Unexpected behavior when passing multiple parameter sets to RandomizedSearchCV #18057

justmarkham · 2020-08-01T19:23:24Z

Describe the bug

Here is part of the documentation for the param_distributions parameter of RandomizedSearchCV:

If a list of dicts is given, first a dict is sampled uniformly, and then a parameter is sampled using that dict as above.
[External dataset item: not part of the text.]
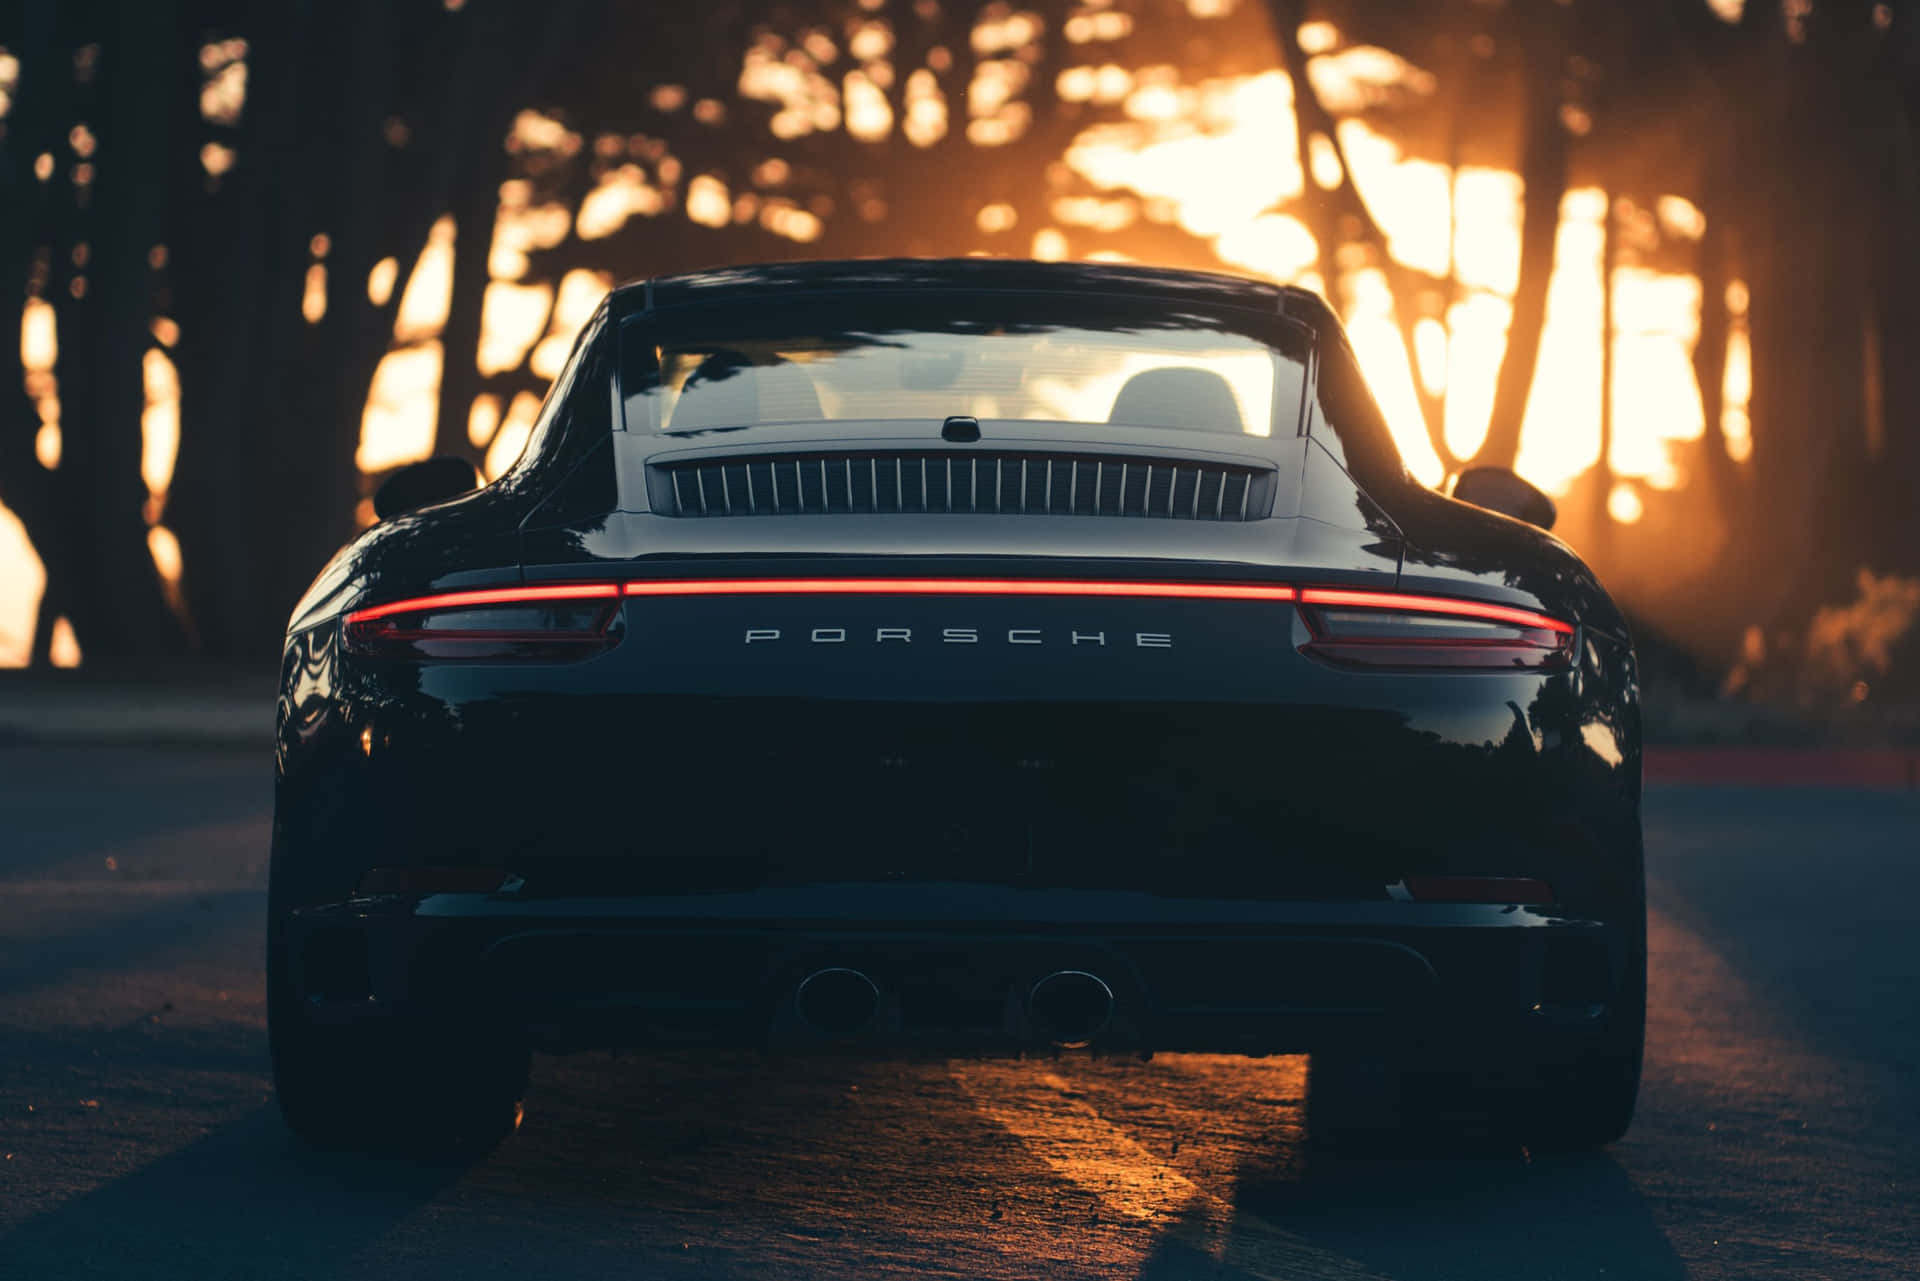 Porsche2997 X 2000 Hintergrund
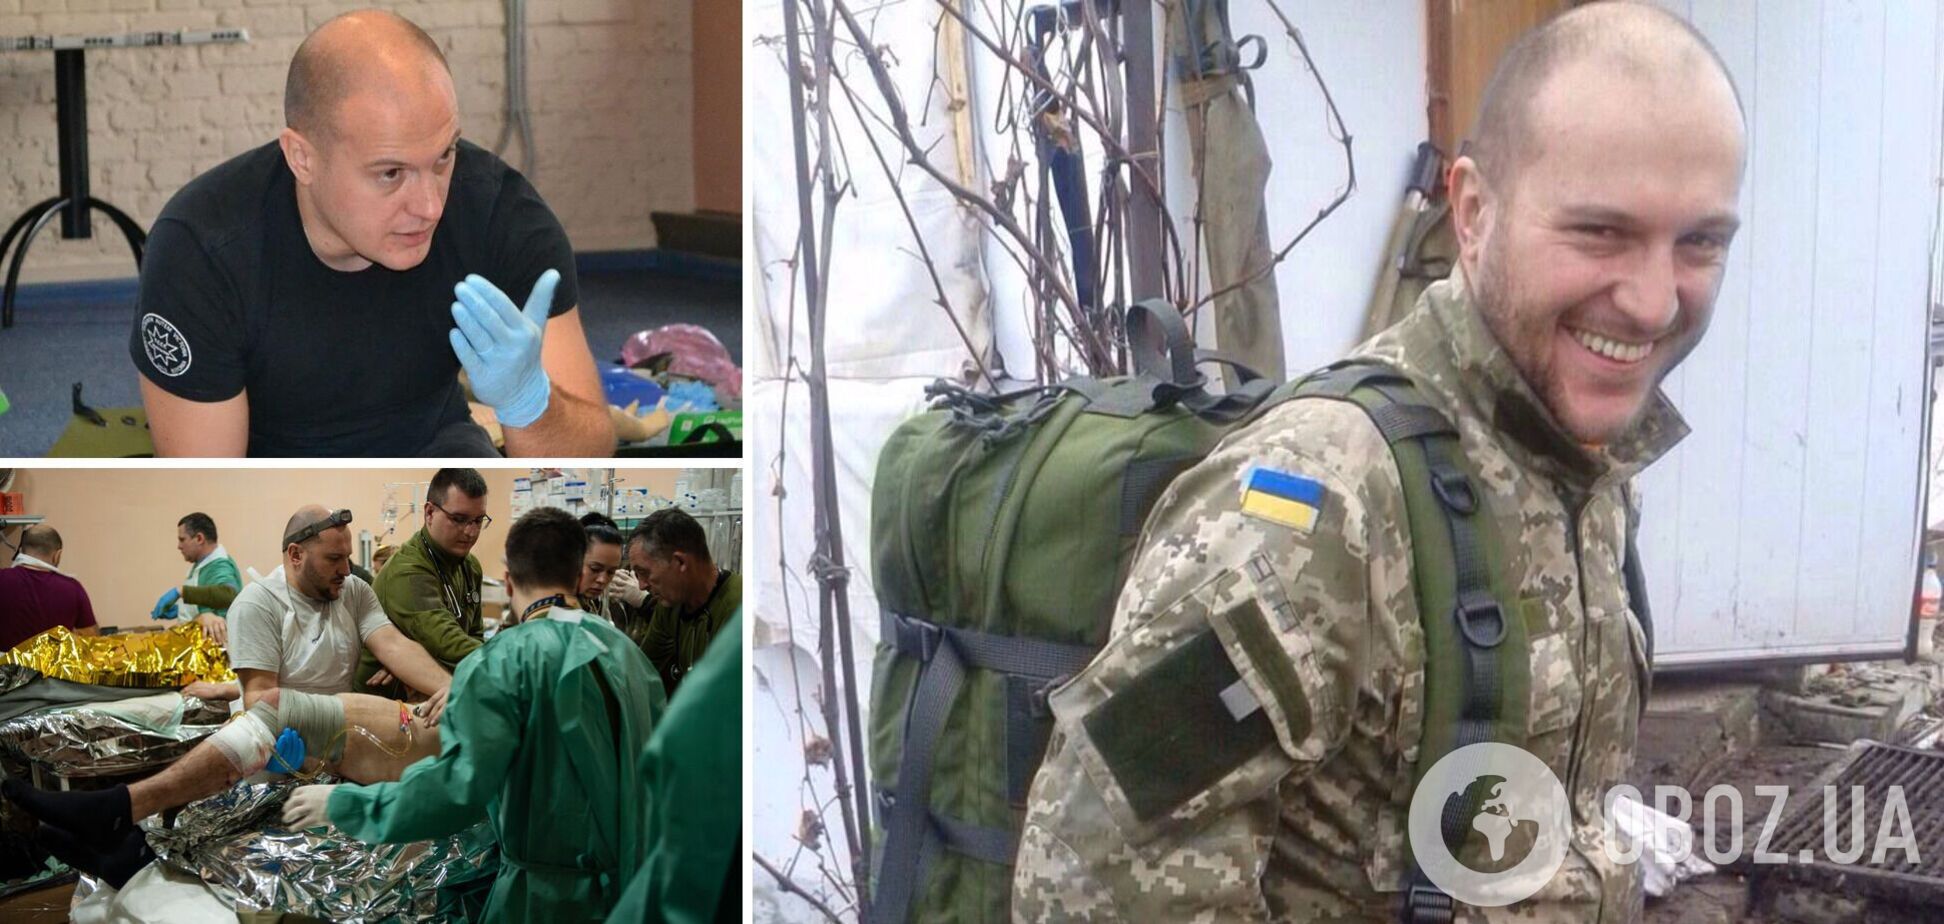 Спасал раненых в самом пекле: что известно о погибшем на Донбассе медике Романе Бабиче

My interpretation is that if I pass a list of two dictionaries, then at each iteration:

First, one of the two dictionaries will be chosen at random
Then, a set of parameters within that dictionary will be chosen at random

I have found that that is not the case. Instead, I have found that if one of the two dictionaries has many more possible parameter combinations, then the larger dictionary will usually be chosen at each iteration.

Steps/Code to Reproduce

from sklearn.datasets import load_iris
from sklearn.ensemble import RandomForestClassifier
from sklearn.model_selection import RandomizedSearchCV

X, y = load_iris(return_X_y=True)
rf = RandomForestClassifier()

# 30 possible combinations
params1 = {}
params1['n_estimators'] = [10, 20, 30, 40, 50]
params1['min_samples_leaf'] = [1, 2, 3, 4, 5, 6]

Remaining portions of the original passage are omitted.